Looking at us both, Wayan said, “Liz—why do you never try to look sexy, like Armenia? You such a pretty girl, you have good capital of nice face, nice body, nice smile. But always you wear this same broken T- shirt, same broken jeans. Don’t you want to be sexy, like her?”

“Wayan,” I said, “Armenia is Brazilian. It’s a completely different situation.”

“How is it different?”

“Armenia,” I said, turning to my new friend. “Can you please try to explain to Wayan what it means to be a Brazilian woman?”

Armenia laughed, but then seemed to consider the question seriously and answered, “Well, I always tried to look nice and be feminine even in the war zones and refugee camps of Central America. Even in the worst tragedies and crisis, there’s no reason to add to everyone’s misery by looking miserable yourself. That’s my philosophy. This is why I always wore makeup and jewelry into the jungle—nothing too extravagant, but maybe just a nice gold bracelet and some earrings, a little lipstick, good perfume. Just enough to show that I still had my self-respect.”

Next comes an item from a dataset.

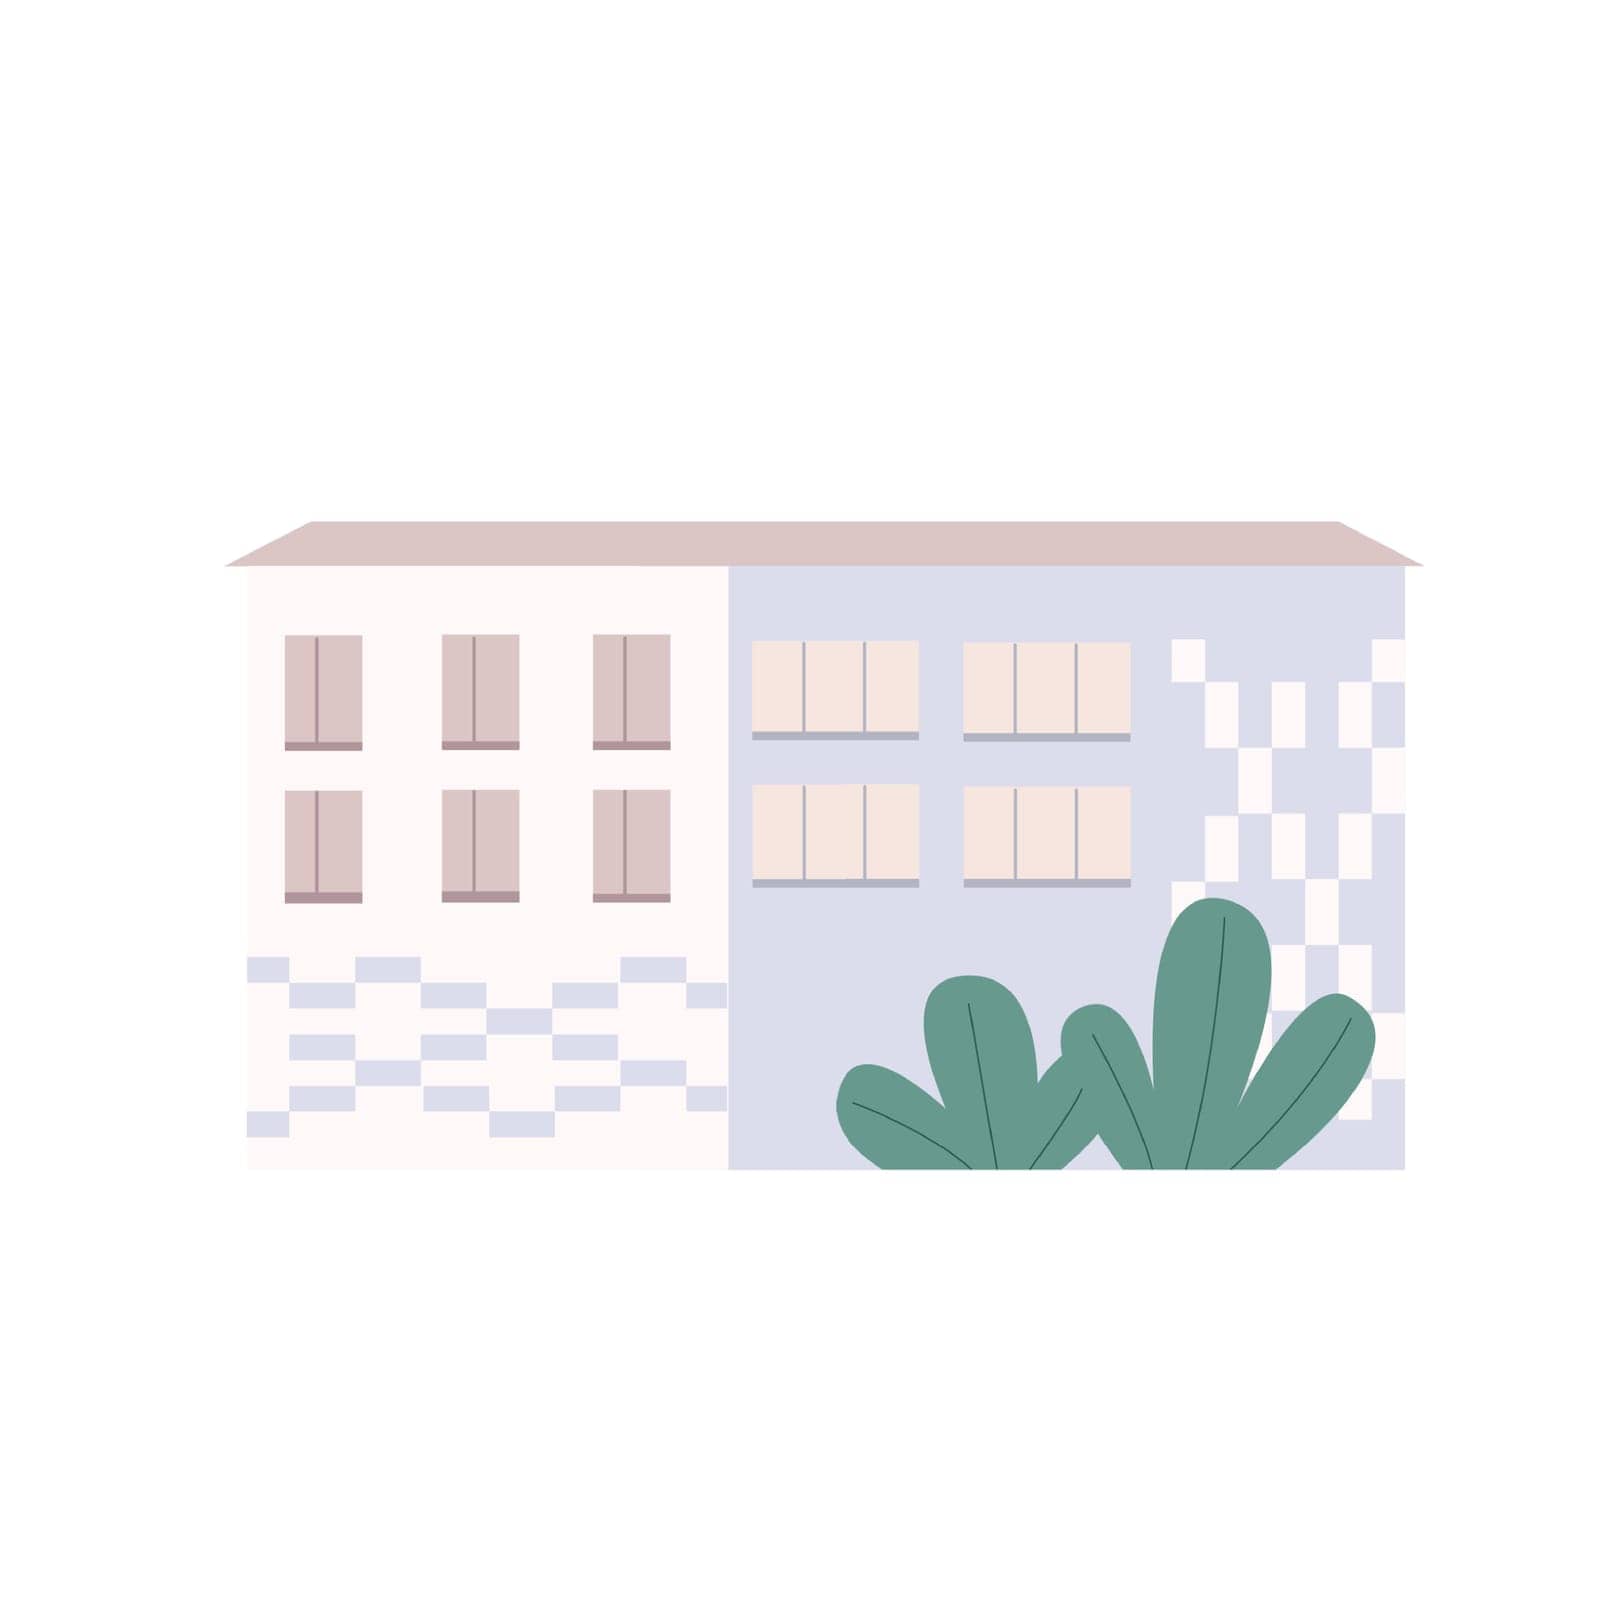 House location of the city street. Flat cartoon vector illustration.
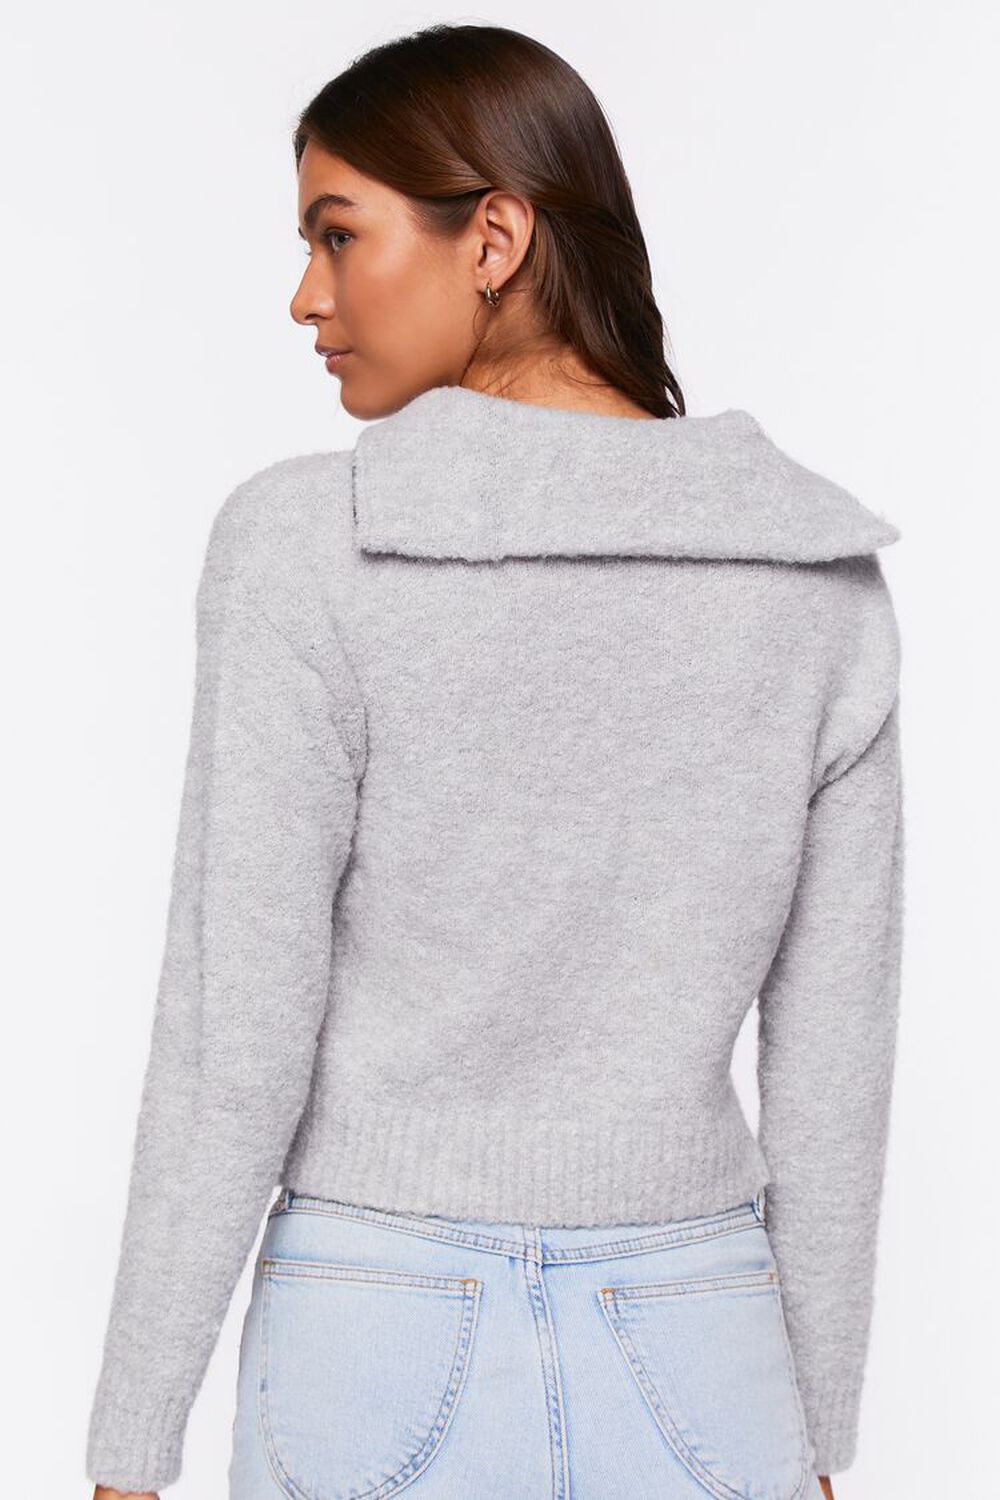 Marled Half-Zip Sweater, image 3

In a way, Armenia reminds me of those great Victorian-era British lady travelers, who used to say there’s no excuse for wearing clothes in Africa that would be unsuited for an English drawing room. She’s a butterfly, this Armenia. And she couldn’t stay for too long at Wayan’s shop because she had work to do, but that didn’t stop her from inviting me to a party tonight. She knows another Brazilian expat in Ubud, she told me, and he’s hosting a special event at a nice restaurant this evening. He’ll be cooking a feijoada—a traditional Brazilian feast consisting of massive piles of pork and black beans. There will be Brazilian cocktails, as well. Lots of interesting expatriates from all over the world who live here in Bali. Would I care to come? They might all go out dancing later, too. She doesn’t know if I like parties, but . . .

Cocktails? Dancing? Piles of pork? Of course I’ll come.